Merrill Fined, FX Facebook Messages, Risk: Compliance

Bank of America Corp.’s Merrill Lynch was fined $6 million by the Financial Industry Regulatory Authority for allowing short sellers to dump stocks without making sure they had first arranged to borrow the shares.

The industry-financed regulator levied the fines for breaking rules related to short selling, or selling a stock with the hope of profiting by buying it later at a lower price. From 2008 to 2012, Merrill Lynch’s broker-dealer and clearing units violated the Securities and Exchange Commission’s Regulation SHO, which is intended to ensure short sellers borrow the stock they’re selling, Finra said yesterday in a statement.

Merrill Lynch also violated the SEC’s 2008 emergency orders intended to prevent manipulation of bank stocks, Finra said. The group fined Credit Suisse Group AG and UBS AG for violations related to Regulation SHO in 2011.

“We take very seriously our obligations and have improved our procedures to address issues identified by Finra,” Bill Halldin, a spokesman for Charlotte, North Carolina-based Bank of America, said in an e-mailed statement.

Compliance Policy

Nigeria Limits Foreign-Currency Borrowings by Banks on Risks

The Central Bank of Nigeria said it limited foreign-currency borrowings by lenders in Africa’s largest economy as it seeks to reduce their exchange risks.

Overseas currencies should not exceed 75 percent of shareholders’ funds, the Abuja-based central bank said in a statement posted yesterday on its website. “Net Open Position of overall foreign-currency assets and liabilities” are not to exceed 20 percent of shareholders’ funds, it said.

Nigeria’s financial regulator is taking measures to increase the ability of lenders to withstand losses five years after saving the industry from collapse. It told lenders in August they could no longer count certain assets as capital as the country implements tougher Basel standards for banks. It also limited Tier-2 capital to 33 percent of higher-quality Tier-1 capital.

The central bank mandated that lenders have liquid foreign assets to cover maturing foreign-currency obligations and to borrow and lend in the same currency to avoid “mismatch associated with foreign-currency risk,” according to the statement.

Compliance Action

FX Traders’ Facebook Messages Said to Be Sought in EU Probe

Foreign-exchange traders’ messages on Facebook are being sought by European Union antitrust regulators as they expand a probe into alleged collusion between banks beyond work e-mails and instant messages, two people with knowledge of the case said.

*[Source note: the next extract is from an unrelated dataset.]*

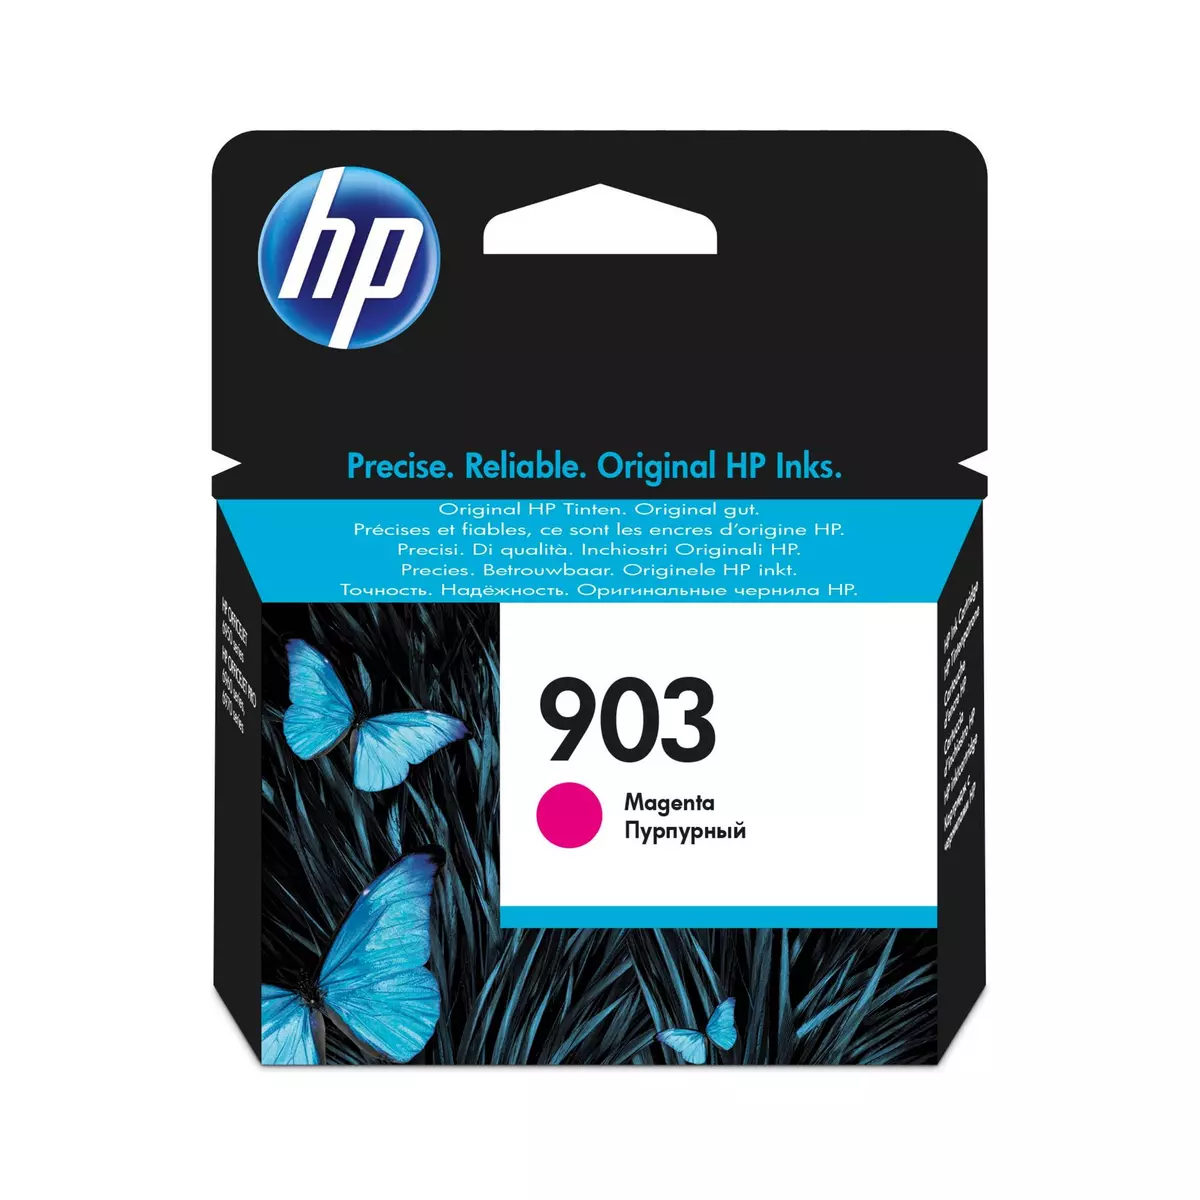 HP 903 Cartouche d'Encre Magenta Authentique (T6L91AE) pour HP OfficeJet  6950, HP OfficeJet Pro 6960 / 6970

Banks have been asked to supply all communications between traders, including those on social media, said three people who didn’t want to be named because the EU’s requests are private. The EU suspects that some e-mails and online messages have been erased to destroy signs that traders were illegally swapping information, one of the people said.

Not all banks involved in the EU’s probe into foreign-exchange rates have been asked to supply more details of communications between traders outside of work e-mail and instant-messaging services, according to three other people with knowledge of the EU’s currency-rigging case.

HSBC Holdings Plc’s foreign-exchange trading is being reviewed by the EU and other authorities and it’s cooperating with regulators, according to a filing in August. JPMorgan Chase & Co., Citigroup Inc., Deutsche Bank AG, UBS AG, Barclays Plc and Royal Bank of Scotland Group Plc have said they are cooperating with global regulators on foreign-exchange investigations.

The European Commission, Deutsche Bank, Barclays, Citigroup, RBS and UBS declined to comment, as did Facebook Inc. representatives. JPMorgan and HSBC didn’t immediately respond to a request for comment.


Few Companies Grade High for Risk Management, Deloitte Says

Nineteen percent of companies gave themselves an A when asked to grade their capability to manage reputational risk, according to a survey by Deloitte Touche Tohmatsu Ltd., facilitated by Forbes Insights.

About 40 percent rated the maturity of their risk programs as average or below average, according to the survey.

“Most organizations say risk management is important, but they’ll say we don’t do the best job possible,” Henry Ristuccia, Deloitte global leader of governance, regulatory and risk services, said yesterday in an interview, interpreting the survey results.

A Deloitte survey last year showed that 95 percent of companies were working on a risk-management program. A year later “it comes down to crisis management more than anything else,” Ristuccia said.

The 2014 survey asked 300 executives in a range of industries and regions the impact of risk on revenue, brand value, and regulatory investigation.

Companies in the Asia Pacific region were most affected by revenue loss following an event having a negative impact on their reputation, compared with companies in Europe, the Middle East and the Americas.

This reflects concerns about product safety in Asia and “skepticism about production, origin and quality,” said Ristuccia.